# MATHEMATICS

1. Express the confidence interval ( 0.018,0.114) in the form of p-E<p< p+E

2. In the week before and the week after a holiday there were 10,000 total deaths, and 4954 of them occurred in the week before the holiday. (Show work)

a. Construct a 90% confidence interval estimate of the proportion of deaths in the week before the holiday to the total deaths in the week before and the week after the holiday.

b. Based on the result, does there appear to be any indication that people can temporarily postpone their death to survive the hoiday? yes or no

3.An online site presented this question, Would the recent norovirus outbreak deter you from taking a cruise?” Among the 34,643 people who responded, 68% answered yes. Use the sample data to construct a 95% confidence interval estimate for the proportion of the population of all who would respond yes to that question. Does the confidence interval provide a good estimate of the population proportion?

4. A data set includes 110 body temperatures of healthy adult humans for which x= 98.0 F and s= 0.74F Complete parts a & b (Show work)

a. What is the best point estimate of the mean body temperature of all healthy humans?

b. Using the sample statistics, construct a 99% confidence interval estimate of the mean body temperature of all healthy humans. Do the confidence interval limits contain 98.6F? What does the sample suggest avout the use of 98.6F as the meand body temperature?

What is the confidence intercal estimate of the population mean?

___F<u<___F

Do the confidence interval limits contain 98.6F yes or no?

5. In a sample of seven cars, each car was tested for nitrogen-oxide emissions ( in gram per mile) and the following results were obtained: 0.06, 0.18, 0.11, 0.16, 0.05, 0.05, 0.11. Assuming that this sample is representive of the cars in use, construct a 98% confidence interval estimate of the mean amount of nitrogen-oxide emissions for all cars. If the EPA requires that nitrogen-oxide emissions be less than 0.165 g/mi, can we safely conclude that this requirement is being met?

What is the confidence interval estimate of the mean amount of nitrogen-oxide emissions for all cars?

___g/mi < u < -___ g / mi (round three decimal places as needed)

Can we safely conclude that the requirement that nitrogen-oxide emissions be less than 0.165 g/mi is being met?

6. In order to estimate the mean amount of time computer users spend on the internet each month, how many computer users must be surveyed in order to be 90% confident that your sample mean is within 12 minutes of the population mean? Assume that the standard deviation of the population of monthy time spent on the internet is 197 min. What is the major obstacle to getting a good estimate of the population mean? Use technology to find the estimated minimum required sample size.

The minimum sample size required is ____computer users.

What is the major obstacle to getting a good estimate of the population mean?

a. there may not be 730 computere users

b. The data does note provided information on what the computer users did while on the internet.

c. It is difficult to precisely measure the amount of time spent on the internet invalidating some data values

d. There are no obstacles to getting a good estimate of the population mean

7.If we find that there is a linear correlation between the concentration of carbon dioxide in our atmosphere and the global temperature, does that indicate that changes in the concentration of carbon dioxide cause changes in the global temperature?

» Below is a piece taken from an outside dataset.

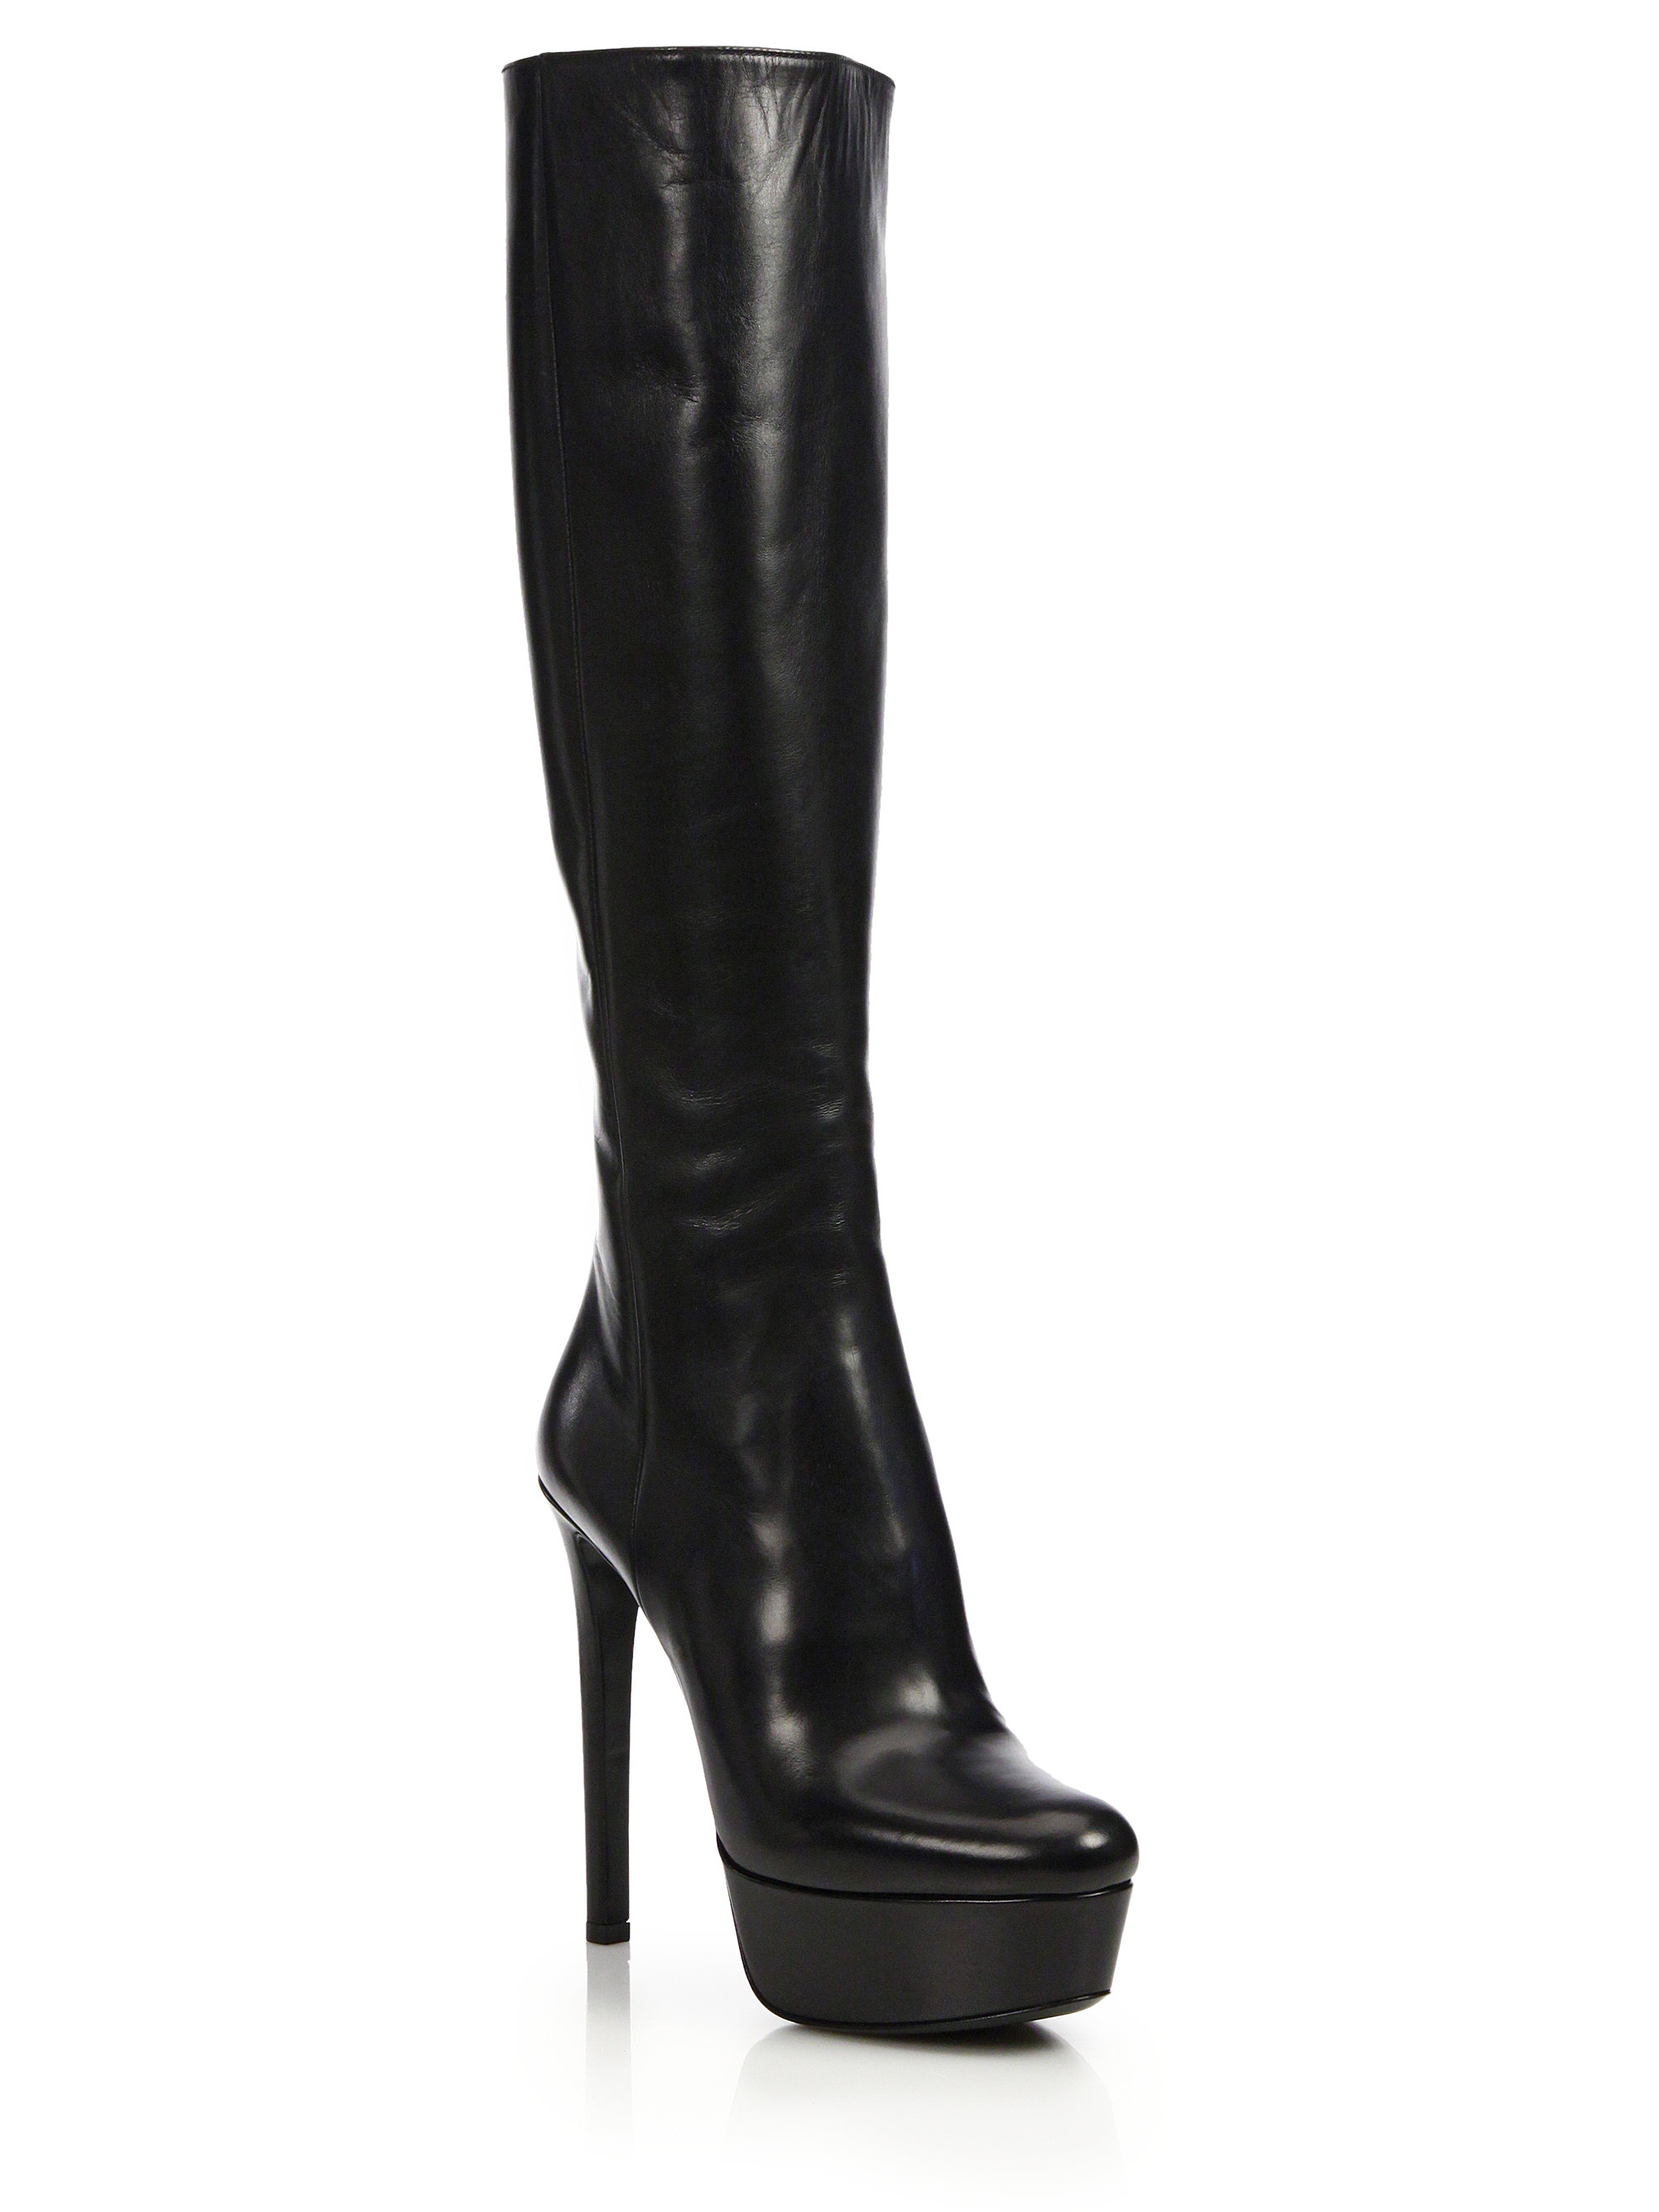 Prada Leather Knee-high Platform Boots in Black | Lyst

8. For a sample of eight bears researchers measured the distances around the bears chests and weighed the bears. Minitab was used to find that the value of the linear correlation coefficient is r=0.829. Using a=0.05, determine if there is a linear correlation between chest size and weight . What proportion of the variation in weight can be explained by the linear relationship between weight and chest size.

a. Is there a linear correlation between chest and weight?

b. What proportion of the variation in wight can be explained by the linear relationship between weight and chest size?